Blag Weeks 8-11: I Heart Gauss

The team gained a greater appreciation for Johann Carl Friedrich in the implementation of Gaussian Process Regression with basis functions. GPR was chosen to replace LWPR because of LWPR’s failure to generalize outside of the state space already explored. The inclusion of basis functions in GPR will allow global semi-parametric modeling of system dynamics with Gaussian Processes modeling the local residuals. We adopted the code and book from Gaussian Processes for Machine Learning by Carl Edward Rasmussen and Chris Williams.

Subhash and Mike have been working on the implementation and evaluation of GPR for system identification.

“Definition 2.1 A Gaussian process is a collection of random variables, any finite number of which have a joint Gaussian distribution.” It is described entirely by a mean and covariance function (GPML p. 13). Gaussian Process Regression is not a new algorithm, but has been used successfully in robotics dynamics modeling. A Gaussian Process can be thought of as defining a distribution of functions, with inference occurring in the function-space rather than the weight-space of standard parametric regression (GPML pg. 7). Optimal predictions may be made by using Bayesian inference, with tuning of hyperparameters to maximize the posterior log marginal likelihood with respect to the hyperparameters. The theoretical basis for GPR with basis functions was presented in Ch. 2.7 of GPML. However, it did not describe the optimization process with the use of basis functions, nor did the package include basis functions. Mike did the math to find the derivative of the log marginal likelihood w.r.t. the parameterization of the basis function covariance matrix and is within striking distance of completing the integration of basis functions with the GPML package. Subhash has implemented GPR with basis functions separately from the package, and has verified that GPR gives an acceptable model for the single pendulum swing up with generalization outside of the sampled space, which was the needed improvement over LWPR.

The Control Theory aspect of the project was not on the critical path in this stage, so there are no updates there, besides verification that the model learned by ridge regression was sufficient to complete a single pendulum swing up when given to iLQG.
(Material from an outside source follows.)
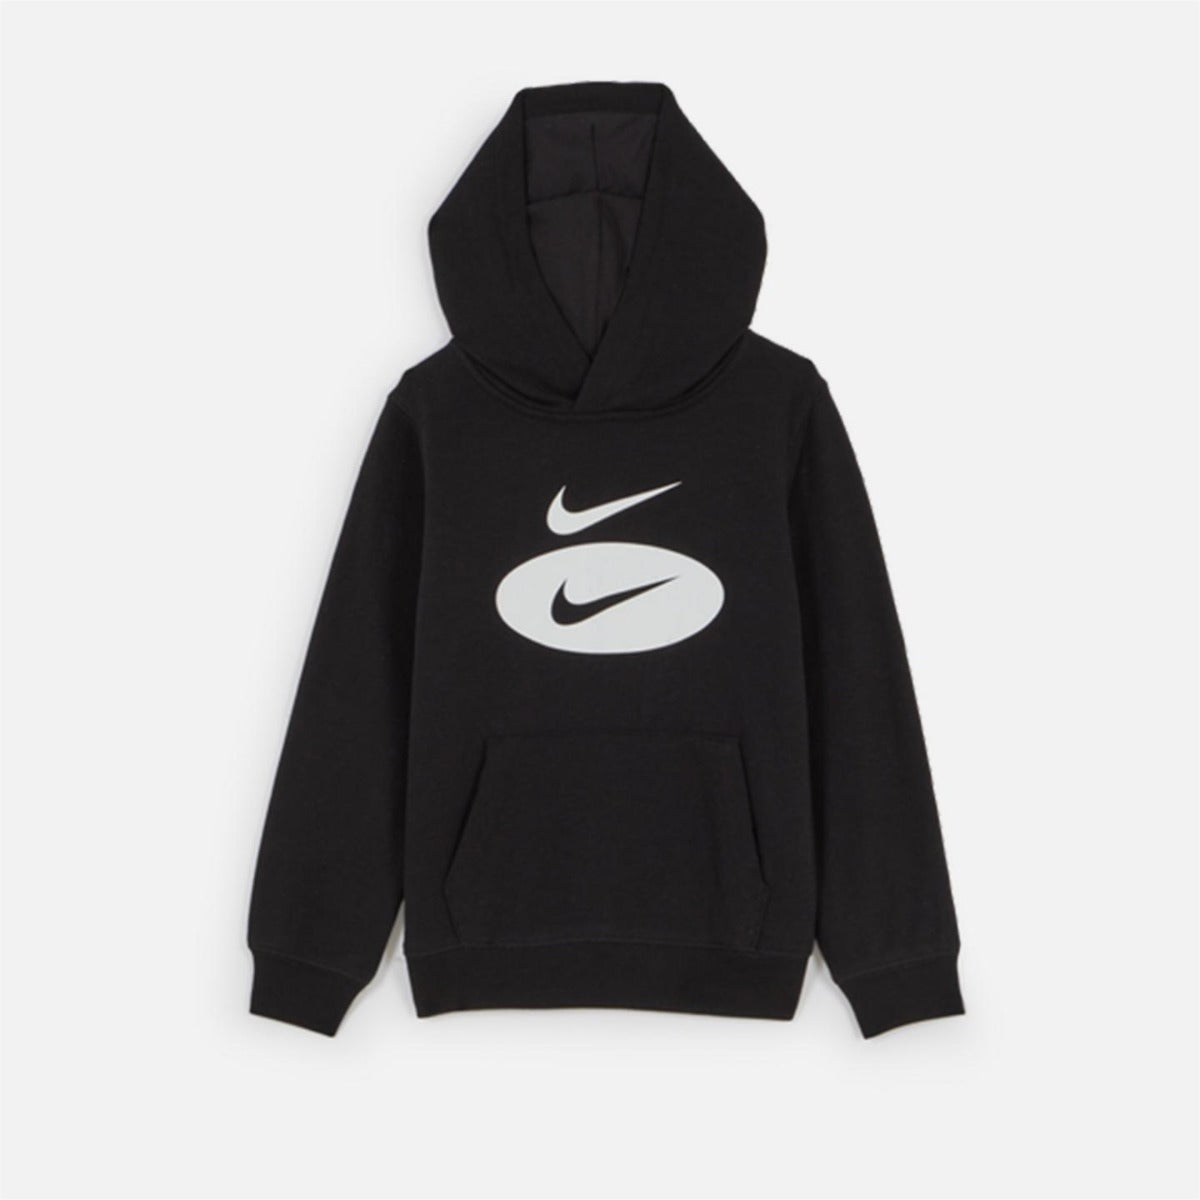 Nike Sportswear Kids Sweatshirt - Black/White
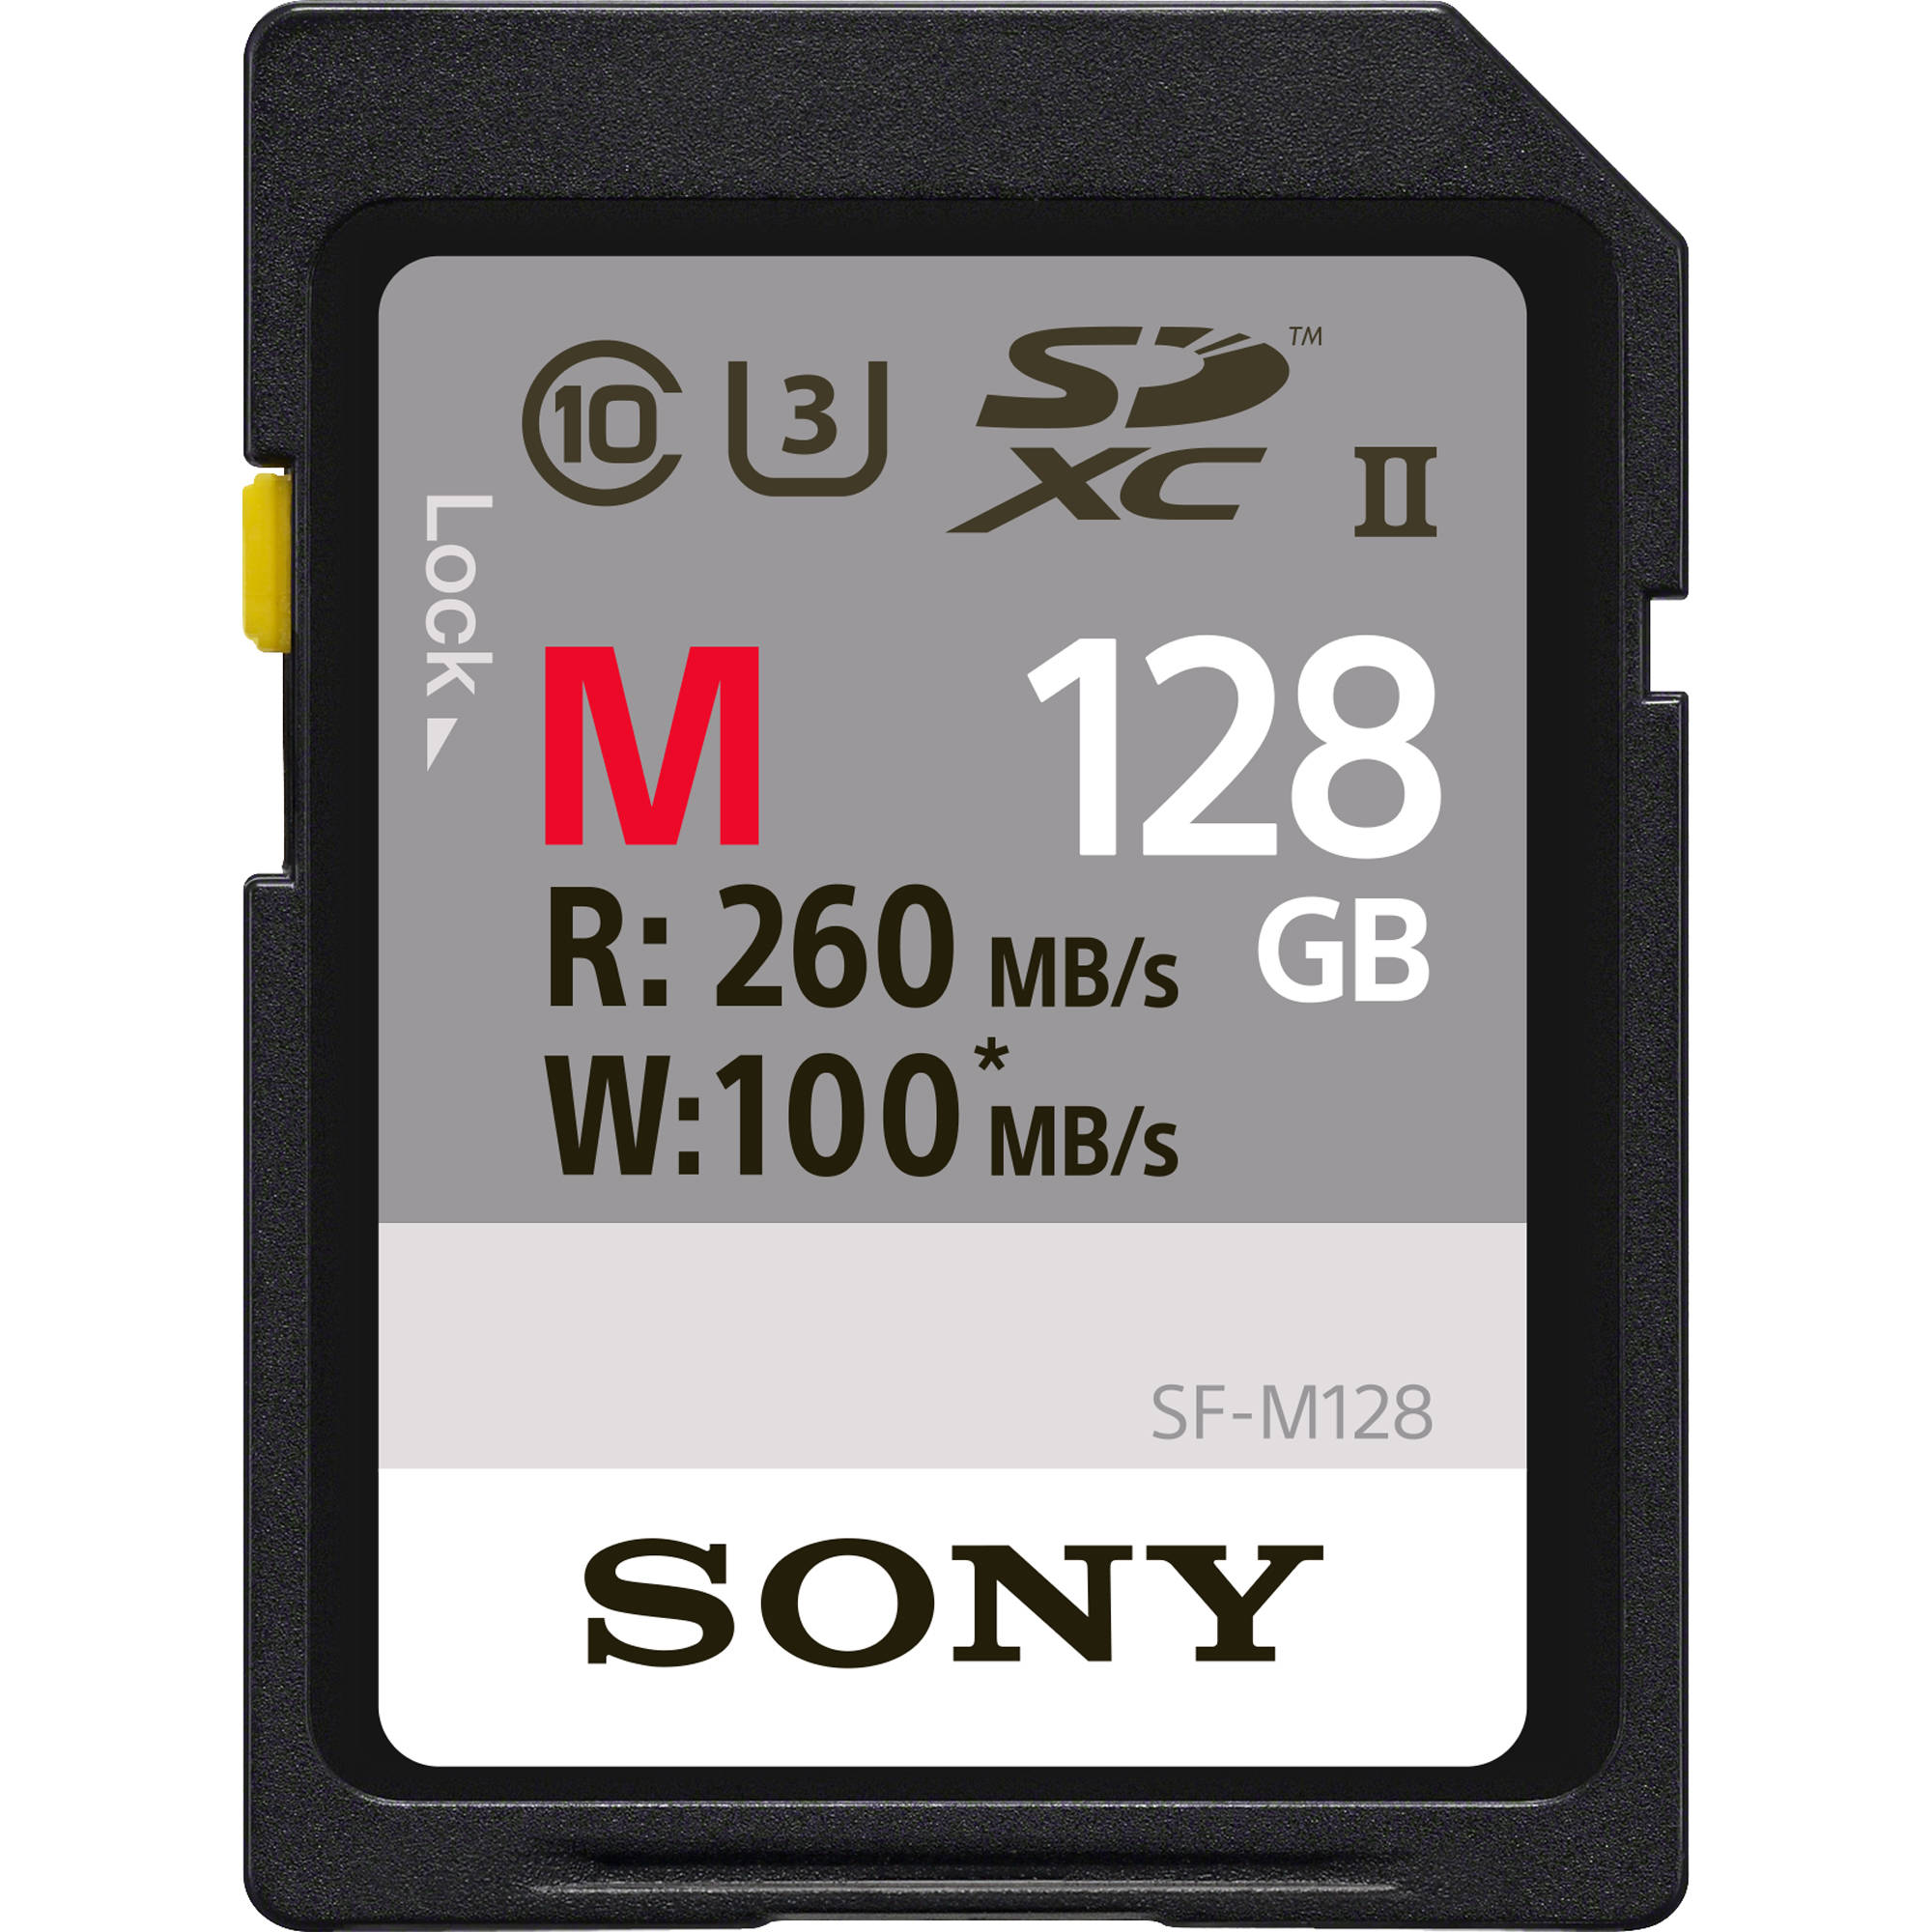 Новая SD-карта Sony получила рекордную скорость чтения и записи

Deniz continued to refine the MATLAB-Python-ROS-Gazebo communication pipeline, and made improvements to experimental pipeline. Now with procedural generation of ROS files to create simulations, sweeps of the parameter space for system dynamics can be done, with clear implications for multi-task and lifelong learning. For instance, a double pendulum’s mass and lengths of links and friction of pivots can be varied. Then, simulations with SysID can be run to find the system dynamics with a wide range of underlying parameters. These models can inform a multi-task or lifelong learning system based on the relations between parameter values and the dynamics models returned.

The plan for the upcoming semester is to integrate GPR+basis functions with ELLA. SysID and model learning transfer will be the theoretical focus, with support from ROS and possibly physical experiments.

Overall, this summer research team has gained the foundational skills and knowledge and built the software architecture and experimental pipeline needed to make advances in the Lifelong Learning space with applications to Fault Tolerant Control.